I am never going to make it.
After what seems like an ETERNITY….(time passes so much more slowly when you are about to crap in your pants)….I see the giant bougainvillea. I am certain there will be a line, since this seems to be the only public restroom in all of Oia. I am surprised and delighted when the restroom is empty.
Until I figure out why.
Oh dear sweet Jesus, there is no toilet paper.
This is a tragedy. I look around for anything…..a paper towel, a newspaper, someone’s discarded gelato napkin for God’s sake….something. I am empty handed.
I think about using the 50 euro note I have in my tiny wallet but realize it will be woefully inadequate.
I walk quickly back to the shop. It’s been another 10 minutes, so I know those bowls have to be wrapped. I will find Matt waiting outside and I will tell him we have to go. We have to go now. Once I’m sitting in the car I will be fine. It’s only a 15 minute ride to the hotel. As long as I am sitting down, I’ll make it.

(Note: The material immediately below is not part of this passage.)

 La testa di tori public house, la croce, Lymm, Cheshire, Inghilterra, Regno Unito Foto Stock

I realize that this is an irrational train of thought. There is a higher probability that I'll find myself hiding behind a shrub somewhere en route to Firostefani with a crumpled handful of receipts that I managed to dig out of the glove box than there is that I will make it back to the hotel.
When I make it back, the proprietor is painstakingly wrapping the last bowl. Piece of tape here. Wrap some more bubble wrap. Another piece of tape there.

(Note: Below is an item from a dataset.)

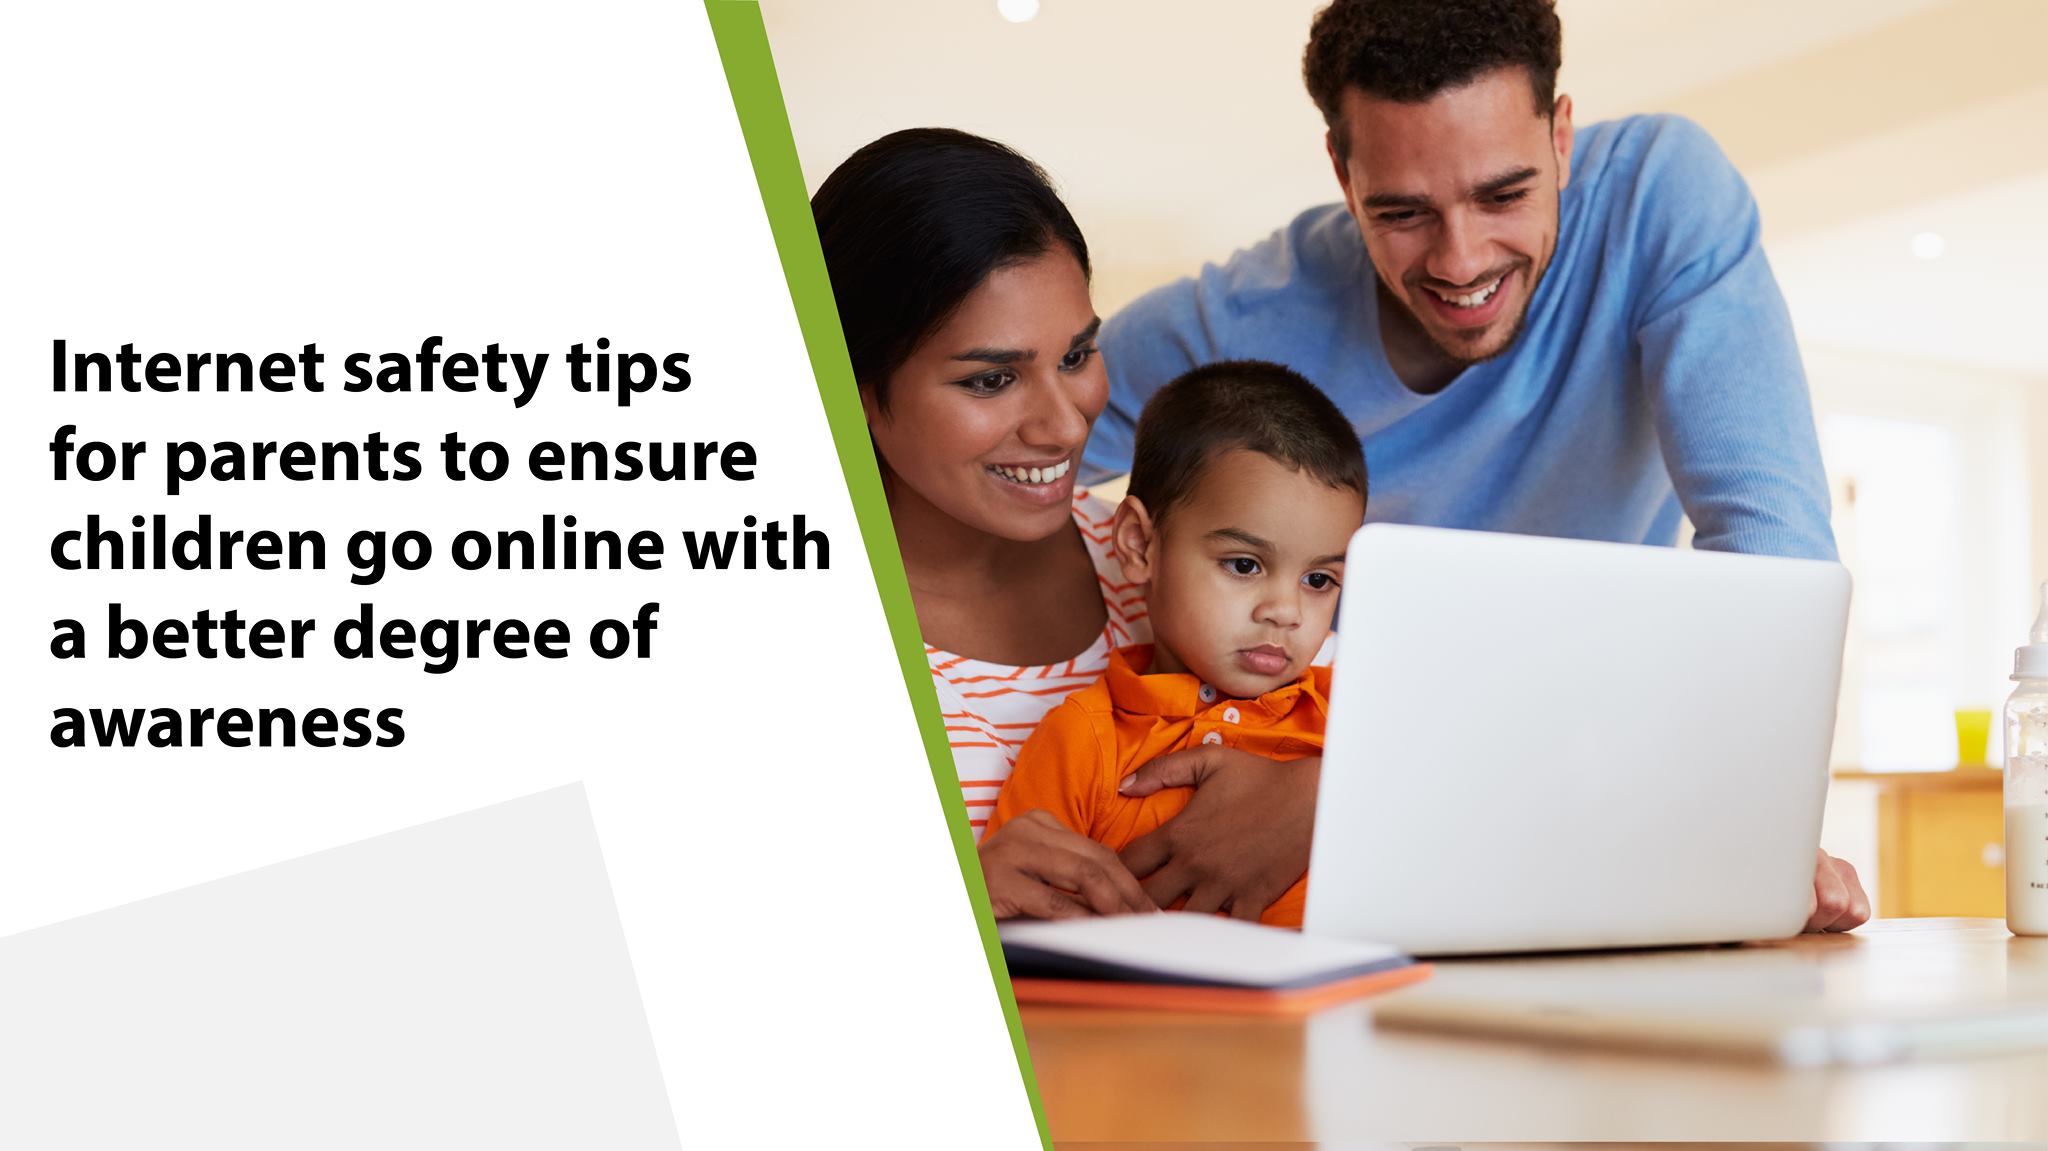 Internet safety tips for parents ensure children go online

I whisper fiercely in Matt’s ear: “We have a SITUATION. I have got to GO. NOW. I need a bathroom. Leave the bowl. Get me to the CAR.”
We run out the door with the shop owner chasing us with a final piece of bubble wrap and some tape.
“I’m not going to make it,” I say.
That’s when we pass Lolita’s gelateria and Matt remembers they had a restroom behind the patio.
As I push open the door to the sparkling clean, empty bathroom with several rolls of fluffy toilet paper, heaven opens up and I hear angels signing.
I am so happy to have a toilet that, as I sit down I think, “I am never leaving.” Sigh.
When life hands you poop, find a bathroom in a gelateria.